■ WHAT IS REQUIRED
Output, word for word, the lines of this listing that fall between the line with "University Of Miami College" and the line with "Humidifier Wick Filter", counting both of those lines, and no others.

■ PROVIDED MATERIAL
══════
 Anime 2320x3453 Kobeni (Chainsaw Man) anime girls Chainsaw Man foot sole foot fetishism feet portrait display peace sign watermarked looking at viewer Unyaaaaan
══════
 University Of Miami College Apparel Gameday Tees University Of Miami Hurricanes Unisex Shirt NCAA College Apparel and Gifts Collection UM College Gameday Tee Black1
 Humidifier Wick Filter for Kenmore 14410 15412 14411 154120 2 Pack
══════
■ WRITTEN ANSWER
 University Of Miami College Apparel Gameday Tees University Of Miami Hurricanes Unisex Shirt NCAA College Apparel and Gifts Collection UM College Gameday Tee Black1
 Humidifier Wick Filter for Kenmore 14410 15412 14411 154120 2 Pack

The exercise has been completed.